### Your task
Please retype the entries that follow exactly as they are, leaving the images behind.

Records from a dataset

---

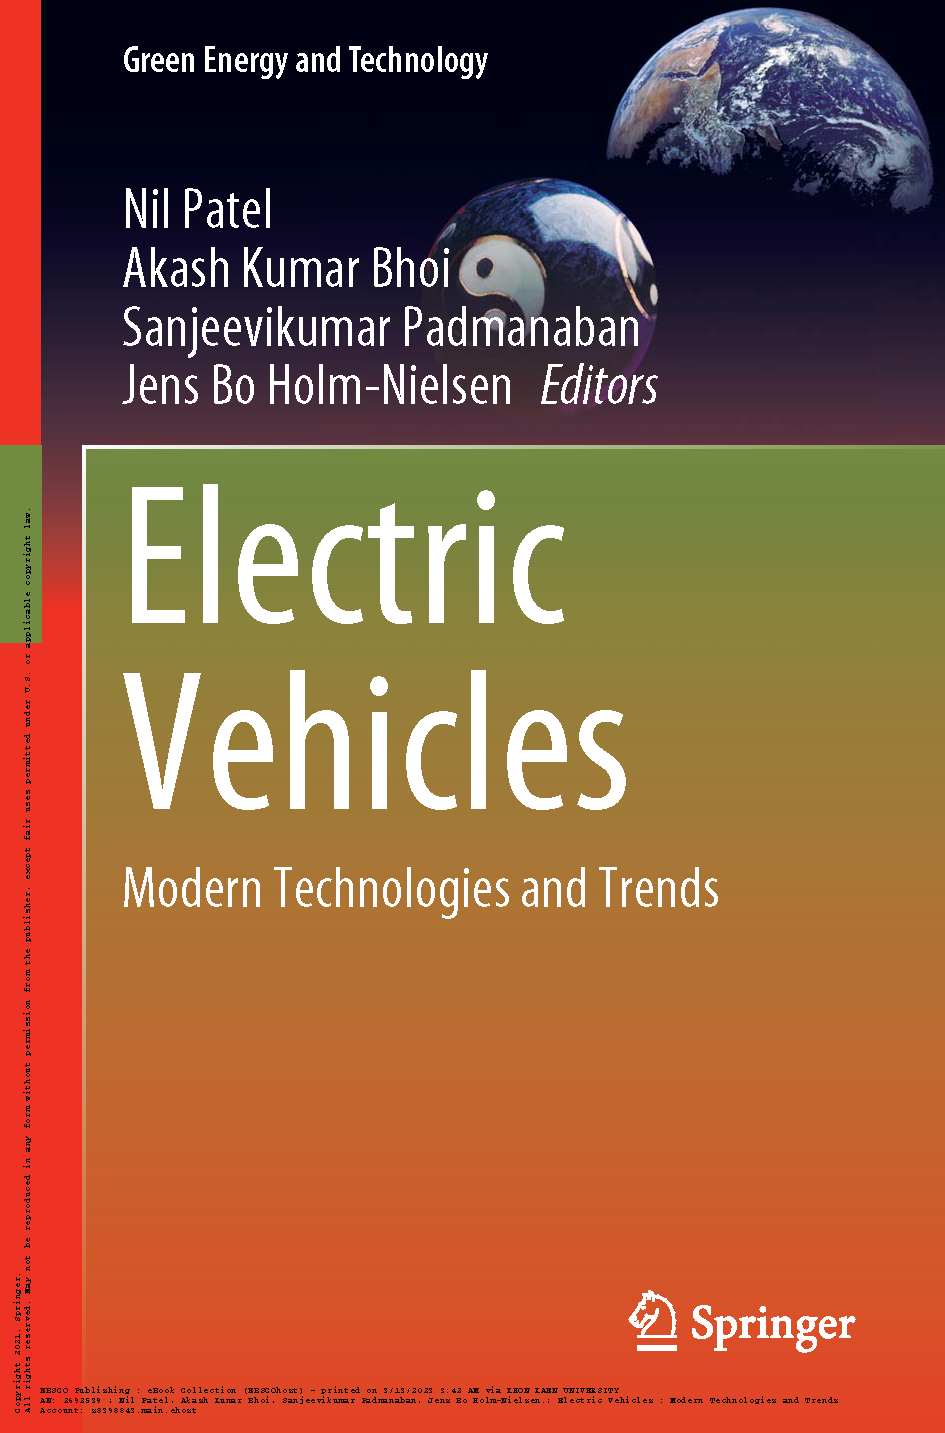 Electric Vehicles Modern Technologies and Trends
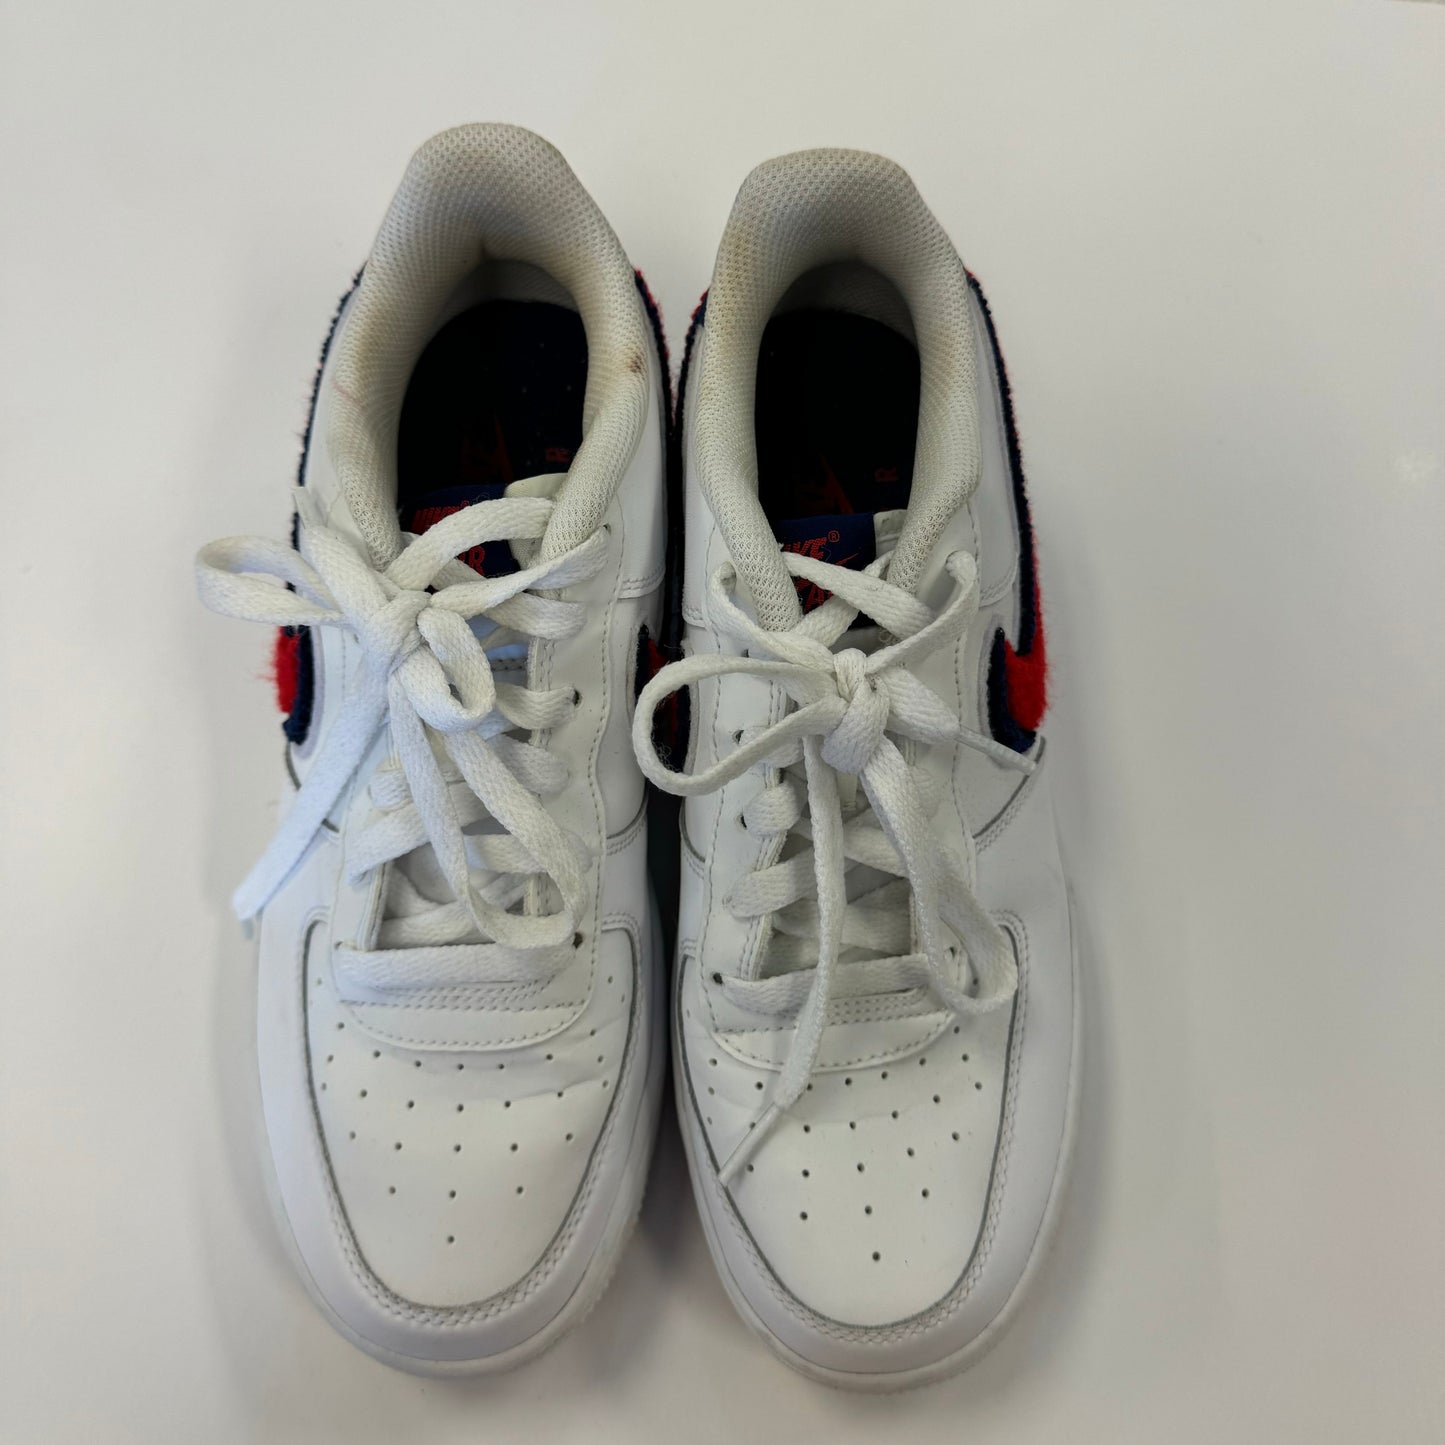 White Shoes Sneakers Nike, Size 7
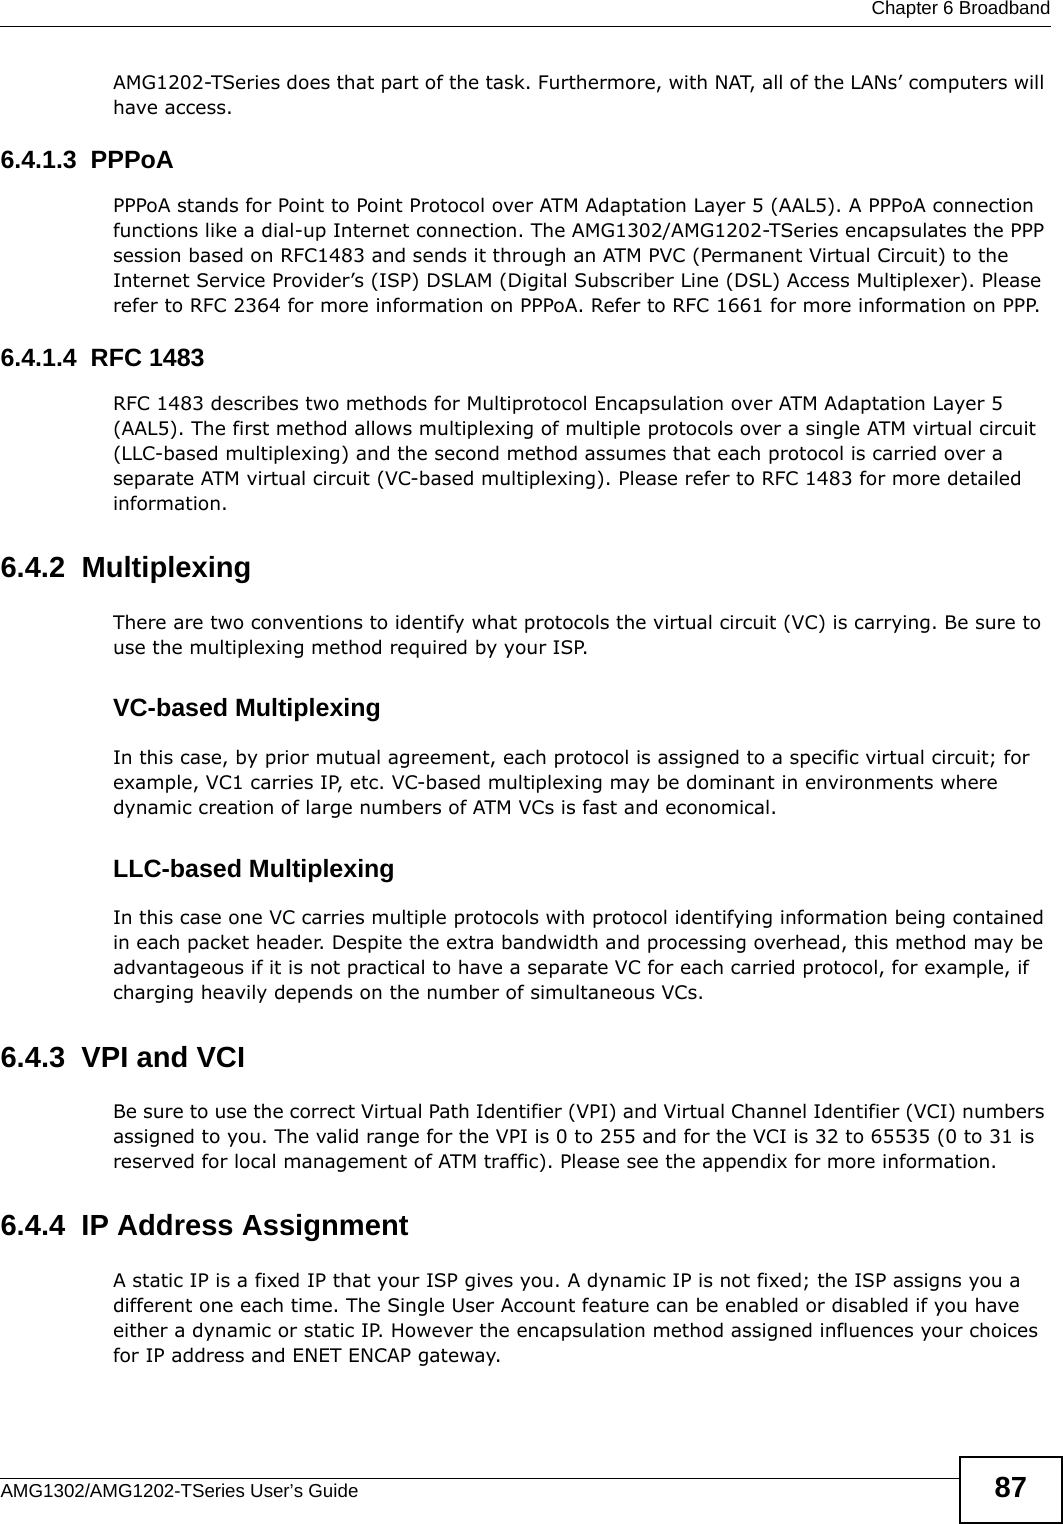  Chapter 6 BroadbandAMG1302/AMG1202-TSeries User’s Guide 87AMG1202-TSeries does that part of the task. Furthermore, with NAT, all of the LANs’ computers will have access.6.4.1.3  PPPoAPPPoA stands for Point to Point Protocol over ATM Adaptation Layer 5 (AAL5). A PPPoA connection functions like a dial-up Internet connection. The AMG1302/AMG1202-TSeries encapsulates the PPP session based on RFC1483 and sends it through an ATM PVC (Permanent Virtual Circuit) to the Internet Service Provider’s (ISP) DSLAM (Digital Subscriber Line (DSL) Access Multiplexer). Please refer to RFC 2364 for more information on PPPoA. Refer to RFC 1661 for more information on PPP.6.4.1.4  RFC 1483RFC 1483 describes two methods for Multiprotocol Encapsulation over ATM Adaptation Layer 5 (AAL5). The first method allows multiplexing of multiple protocols over a single ATM virtual circuit (LLC-based multiplexing) and the second method assumes that each protocol is carried over a separate ATM virtual circuit (VC-based multiplexing). Please refer to RFC 1483 for more detailed information.6.4.2  MultiplexingThere are two conventions to identify what protocols the virtual circuit (VC) is carrying. Be sure to use the multiplexing method required by your ISP.VC-based MultiplexingIn this case, by prior mutual agreement, each protocol is assigned to a specific virtual circuit; for example, VC1 carries IP, etc. VC-based multiplexing may be dominant in environments where dynamic creation of large numbers of ATM VCs is fast and economical.LLC-based MultiplexingIn this case one VC carries multiple protocols with protocol identifying information being contained in each packet header. Despite the extra bandwidth and processing overhead, this method may be advantageous if it is not practical to have a separate VC for each carried protocol, for example, if charging heavily depends on the number of simultaneous VCs.6.4.3  VPI and VCIBe sure to use the correct Virtual Path Identifier (VPI) and Virtual Channel Identifier (VCI) numbers assigned to you. The valid range for the VPI is 0 to 255 and for the VCI is 32 to 65535 (0 to 31 is reserved for local management of ATM traffic). Please see the appendix for more information.6.4.4  IP Address AssignmentA static IP is a fixed IP that your ISP gives you. A dynamic IP is not fixed; the ISP assigns you a different one each time. The Single User Account feature can be enabled or disabled if you have either a dynamic or static IP. However the encapsulation method assigned influences your choices for IP address and ENET ENCAP gateway.
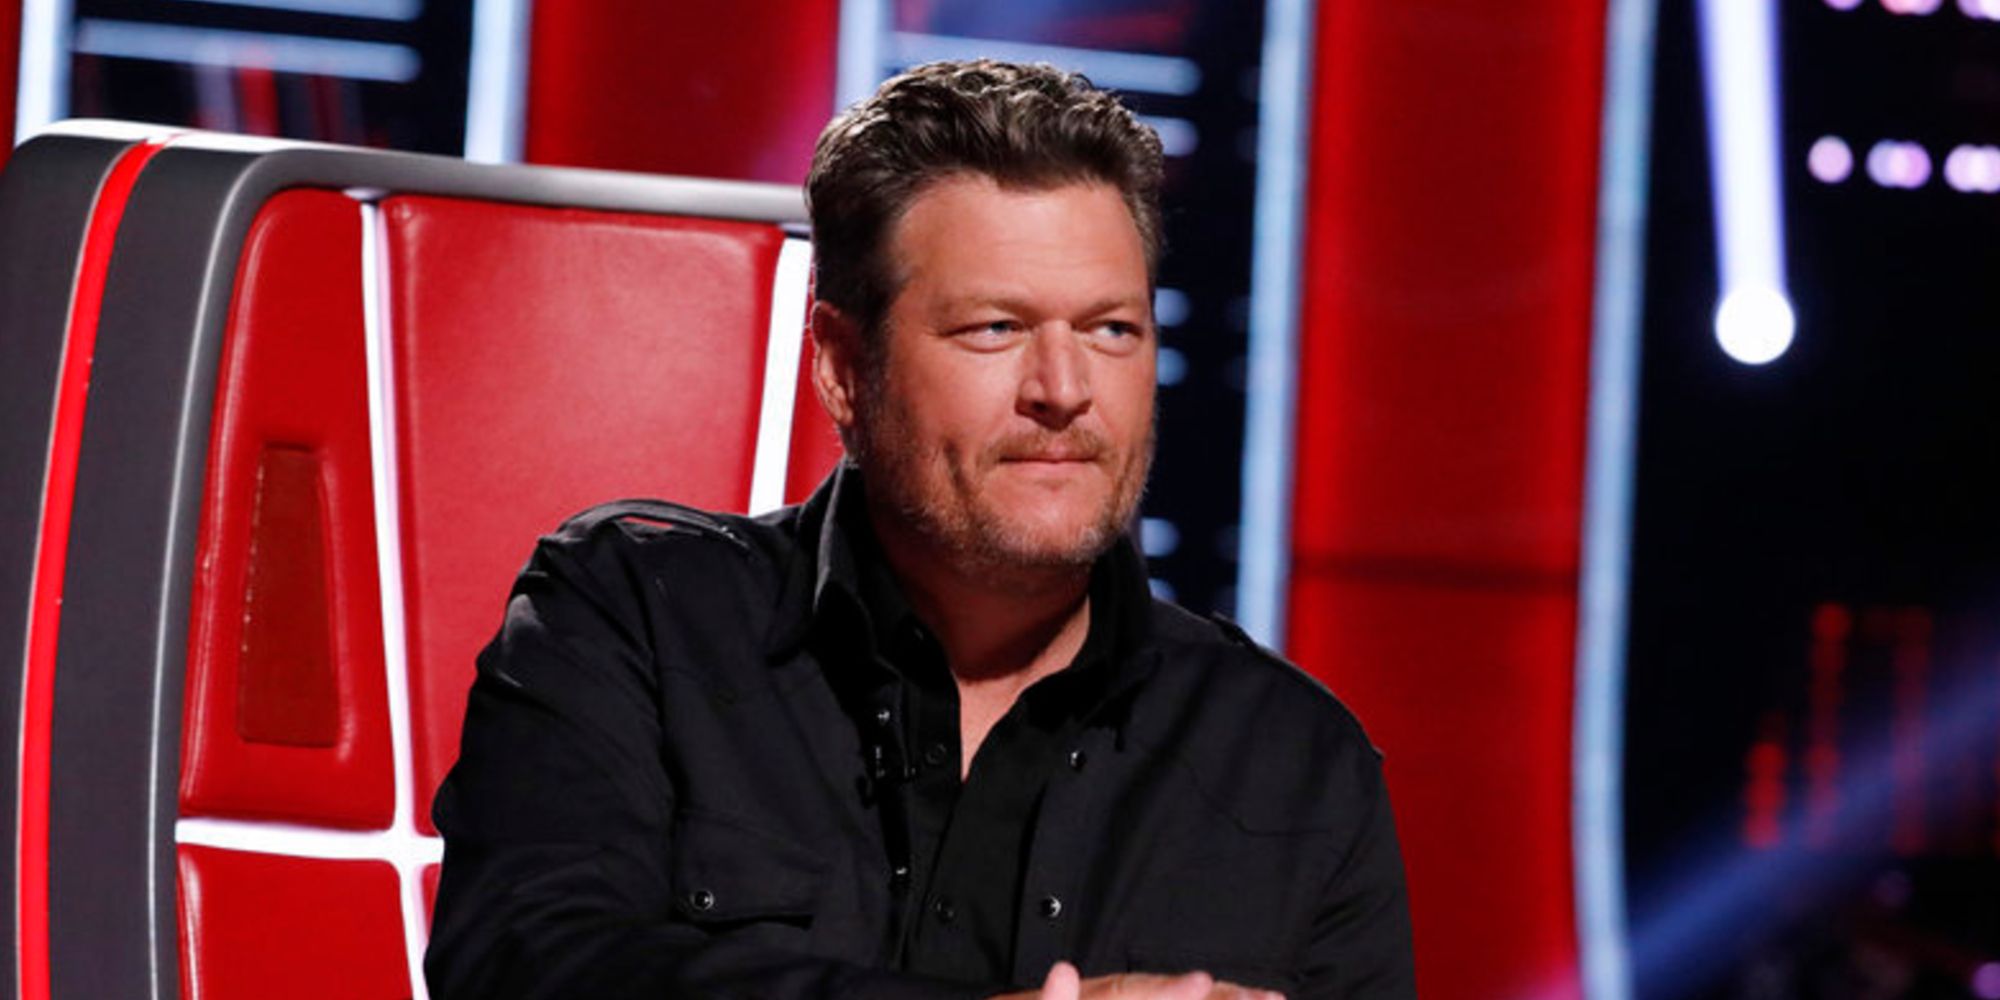 Blake Shelton sitting in a red chair on The Voice
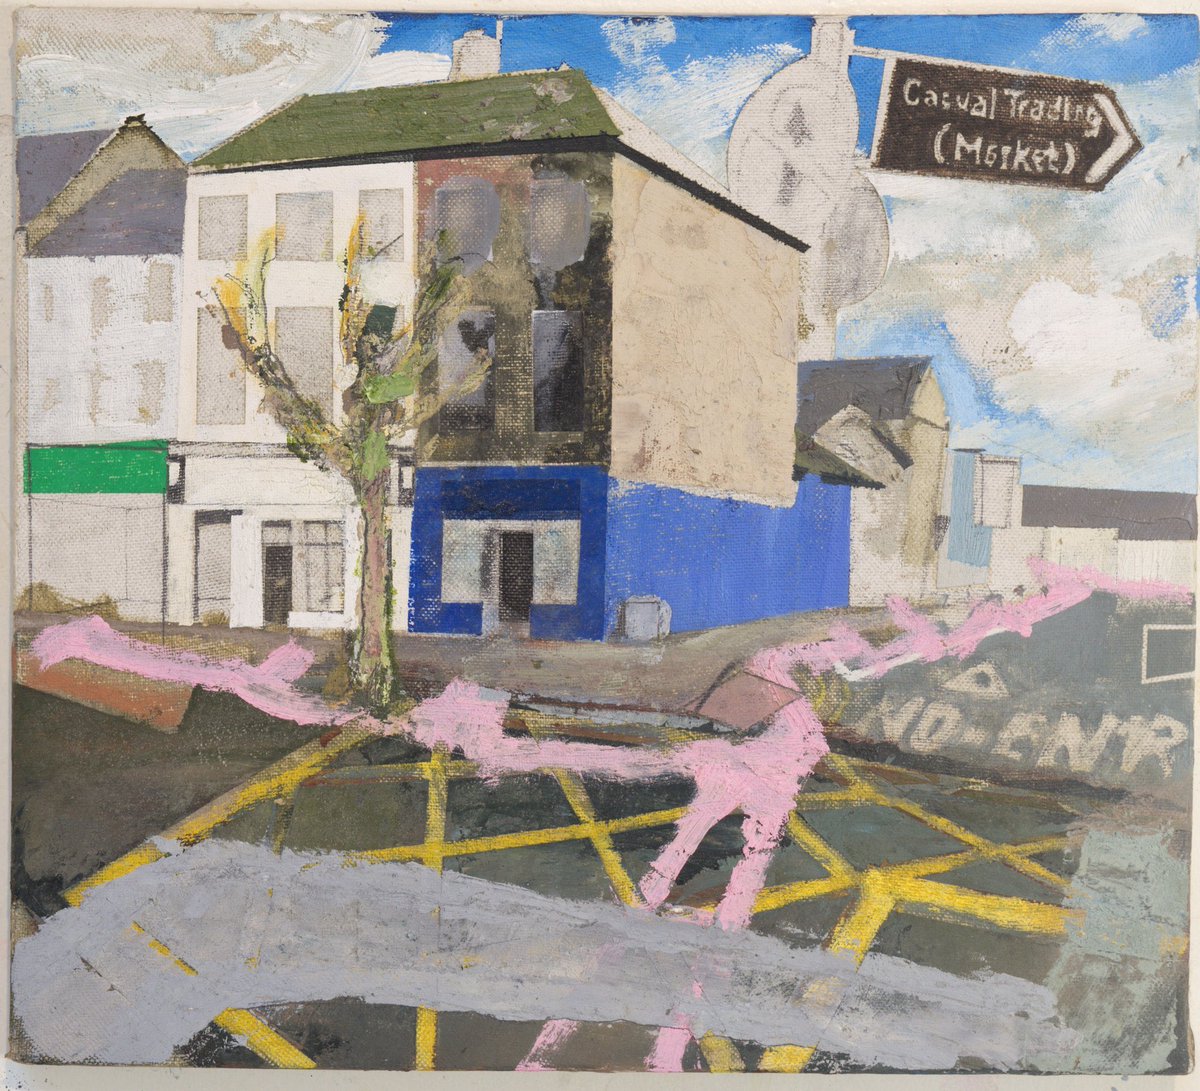 Stephen Nolan is another friend & painter. He’s based in Wexford & is probably Ireland’s most important painter of landscapes. He combines a keen eye with a documentary style & dry sense of humour. No one else captures the zeitgeist like him. Visit:  http://stephen-nolan.com 

---

### Exercise answer
 Electric Vehicles Modern Technologies and Trends
 White Shoes Sneakers Nike, Size 7
  Chapter 6 BroadbandAMG1302/AMG1202-TSeries User’s Guide 87AMG1202-TSeries does that part of the task. Furthermore, with NAT, all of the LANs’ computers will have access.6.4.1.3  PPPoAPPPoA stands for Point to Point Protocol over ATM Adaptation Layer 5 (AAL5). A PPPoA connection functions like a dial-up Internet connection. The AMG1302/AMG1202-TSeries encapsulates the PPP session based on RFC1483 and sends it through an ATM PVC (Permanent Virtual Circuit) to the Internet Service Provider’s (ISP) DSLAM (Digital Subscriber Line (DSL) Access Multiplexer). Please refer to RFC 2364 for more information on PPPoA. Refer to RFC 1661 for more information on PPP.6.4.1.4  RFC 1483RFC 1483 describes two methods for Multiprotocol Encapsulation over ATM Adaptation Layer 5 (AAL5). The first method allows multiplexing of multiple protocols over a single ATM virtual circuit (LLC-based multiplexing) and the second method assumes that each protocol is carried over a separate ATM virtual circuit (VC-based multiplexing). Please refer to RFC 1483 for more detailed information.6.4.2  MultiplexingThere are two conventions to identify what protocols the virtual circuit (VC) is carrying. Be sure to use the multiplexing method required by your ISP.VC-based MultiplexingIn this case, by prior mutual agreement, each protocol is assigned to a specific virtual circuit; for example, VC1 carries IP, etc. VC-based multiplexing may be dominant in environments where dynamic creation of large numbers of ATM VCs is fast and economical.LLC-based MultiplexingIn this case one VC carries multiple protocols with protocol identifying information being contained in each packet header. Despite the extra bandwidth and processing overhead, this method may be advantageous if it is not practical to have a separate VC for each carried protocol, for example, if charging heavily depends on the number of simultaneous VCs.6.4.3  VPI and VCIBe sure to use the correct Virtual Path Identifier (VPI) and Virtual Channel Identifier (VCI) numbers assigned to you. The valid range for the VPI is 0 to 255 and for the VCI is 32 to 65535 (0 to 31 is reserved for local management of ATM traffic). Please see the appendix for more information.6.4.4  IP Address AssignmentA static IP is a fixed IP that your ISP gives you. A dynamic IP is not fixed; the ISP assigns you a different one each time. The Single User Account feature can be enabled or disabled if you have either a dynamic or static IP. However the encapsulation method assigned influences your choices for IP address and ENET ENCAP gateway.
 Blake Shelton sitting in a red chair on The Voice
 Stephen Nolan is another friend & painter. He’s based in Wexford & is probably Ireland’s most important painter of landscapes. He combines a keen eye with a documentary style & dry sense of humour. No one else captures the zeitgeist like him. Visit:  http://stephen-nolan.com 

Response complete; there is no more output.